* _AVAILABLE DATA_:
☆ ☆ ☆ ☆ ☆ ☆ ☆
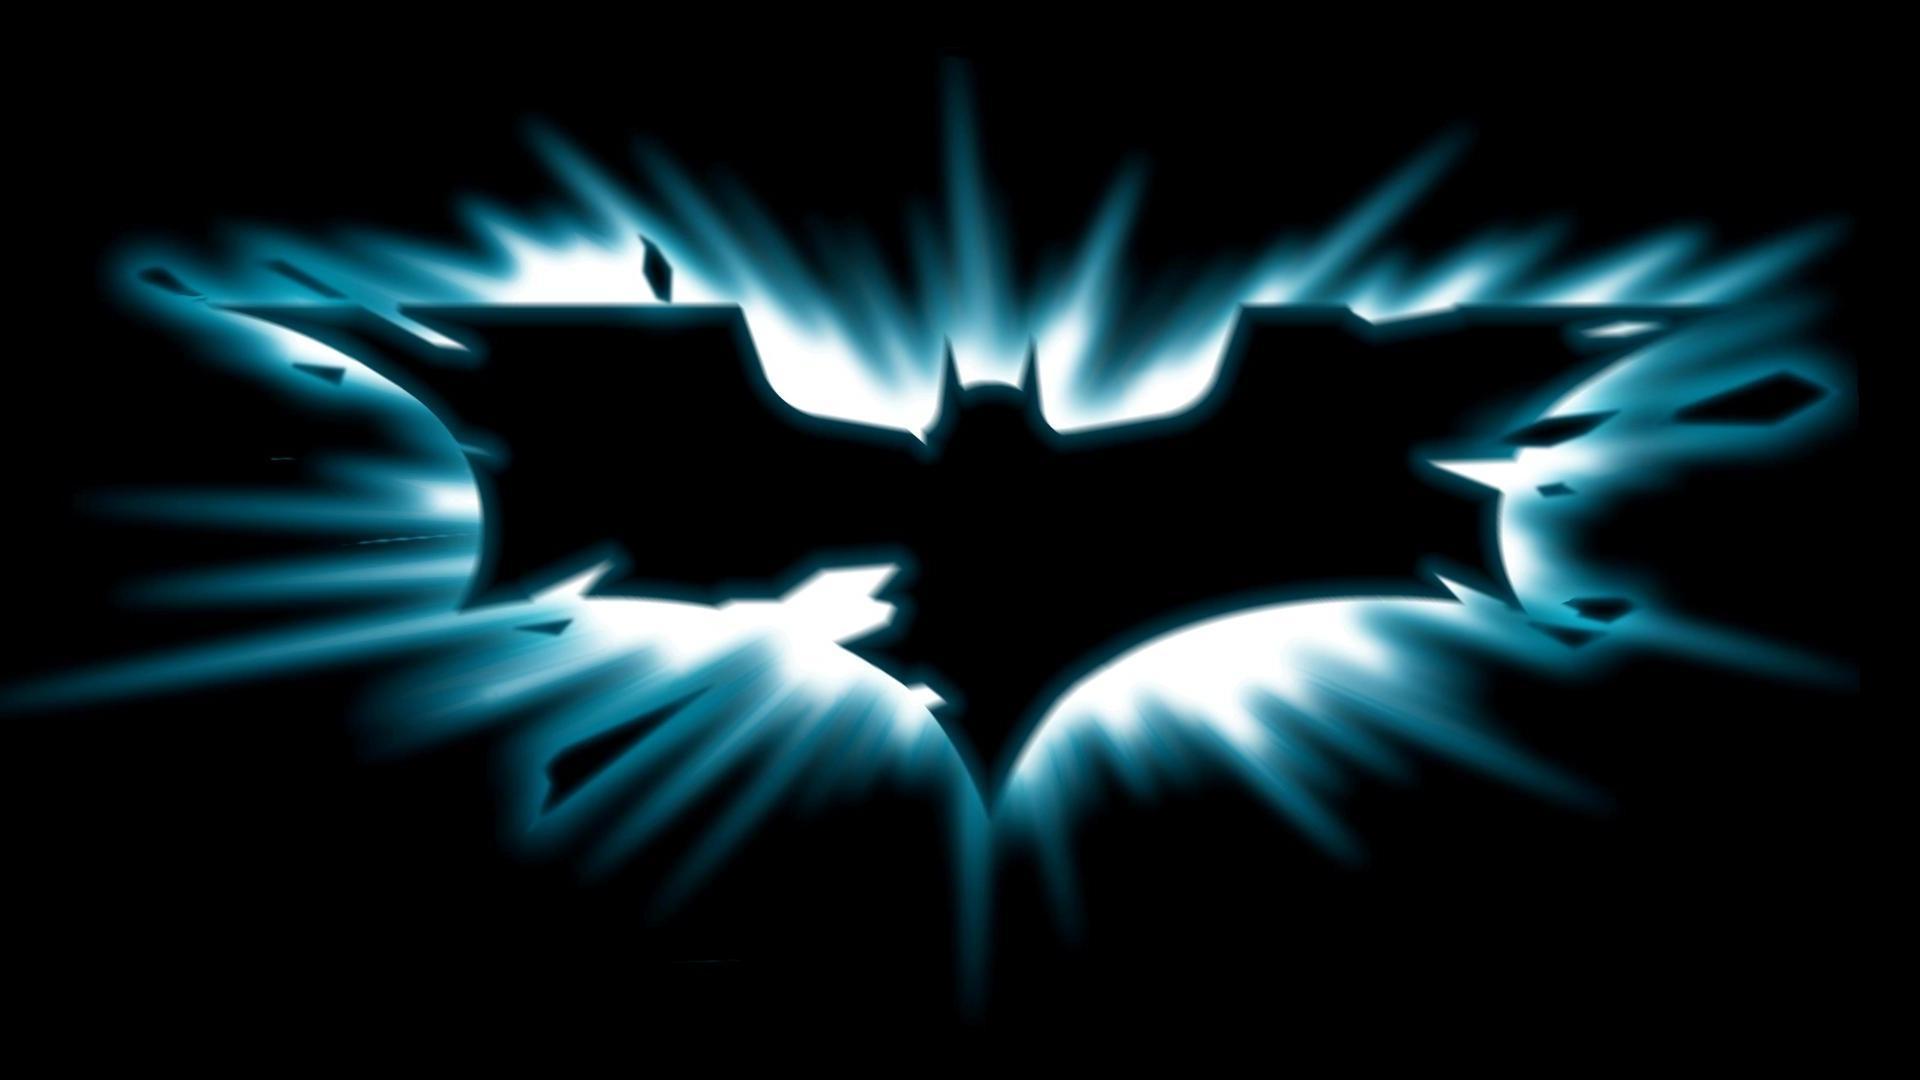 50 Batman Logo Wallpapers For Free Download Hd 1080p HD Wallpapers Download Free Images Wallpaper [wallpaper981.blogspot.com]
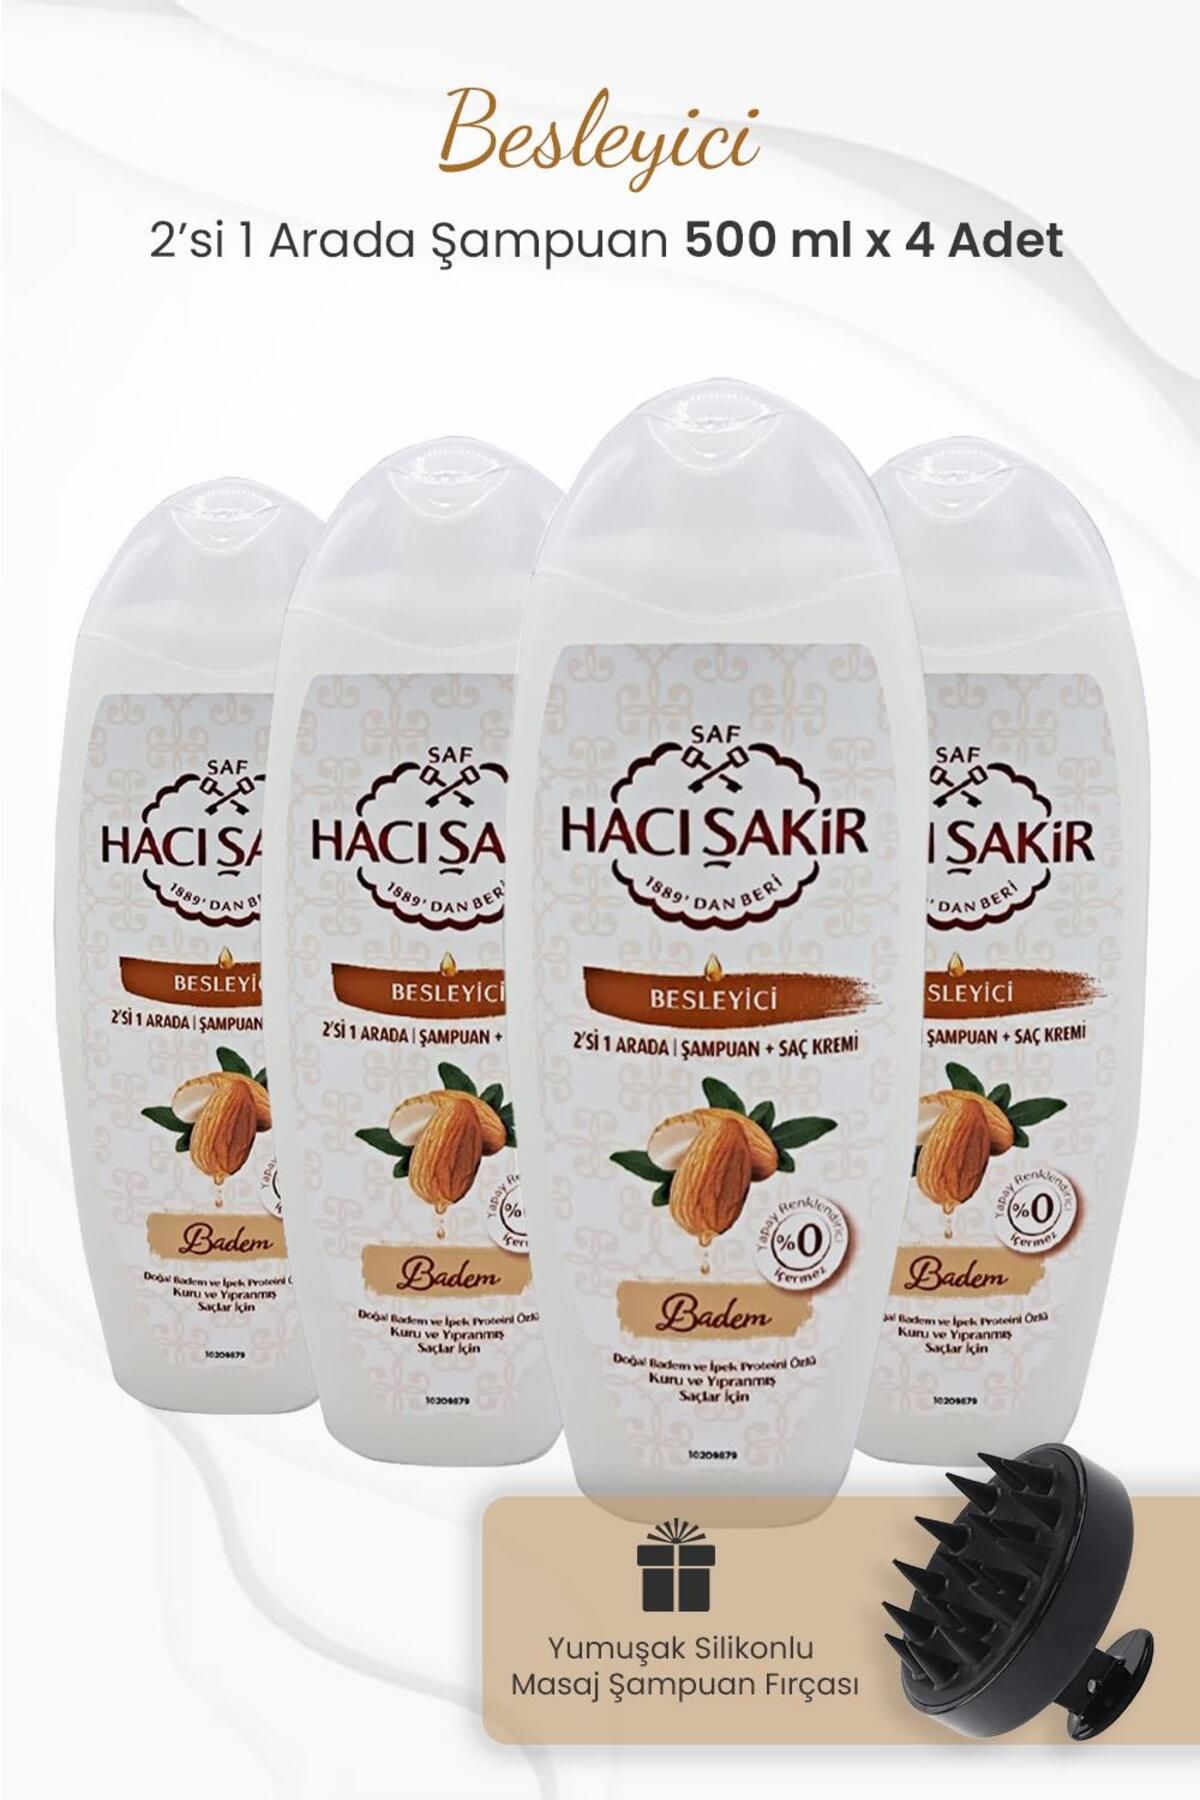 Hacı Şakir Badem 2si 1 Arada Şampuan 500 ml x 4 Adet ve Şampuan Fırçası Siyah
☆ ☆ ☆ ☆ ☆ ☆ ☆
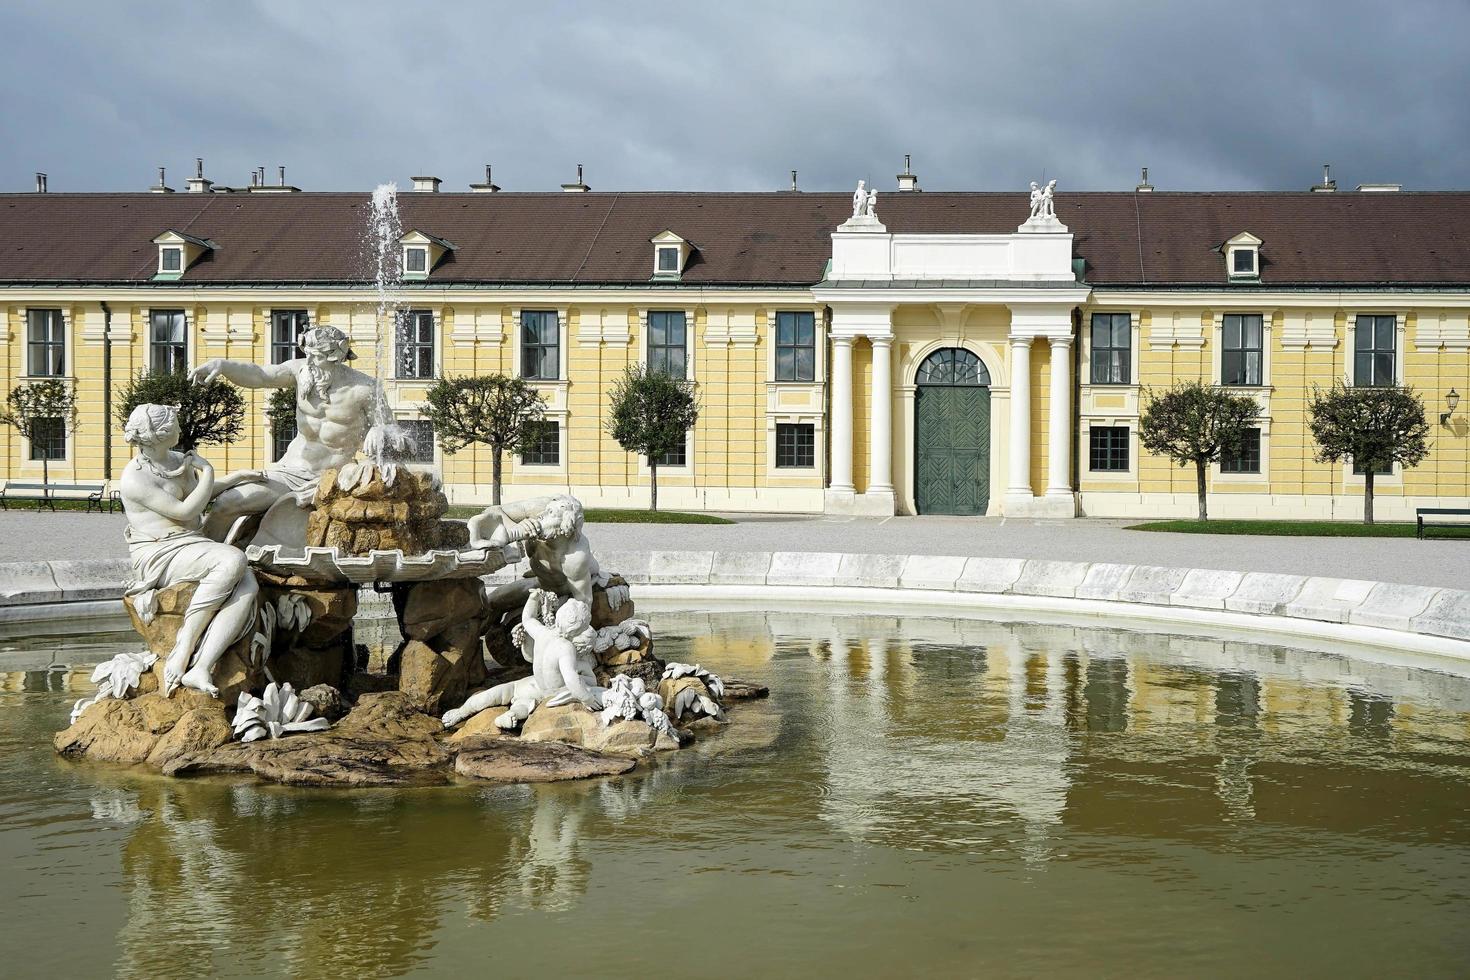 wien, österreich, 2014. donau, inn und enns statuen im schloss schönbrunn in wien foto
☆ ☆ ☆ ☆ ☆ ☆ ☆
* _WORK REQUEST_: What you return from the records above should be exactly everything from the line with "50 Batman Logo" down to the line with "Hacı Şakir Badem", both kept, and no pictures.

* _ANSWER_:
 50 Batman Logo Wallpapers For Free Download Hd 1080p HD Wallpapers Download Free Images Wallpaper [wallpaper981.blogspot.com]
 Hacı Şakir Badem 2si 1 Arada Şampuan 500 ml x 4 Adet ve Şampuan Fırçası Siyah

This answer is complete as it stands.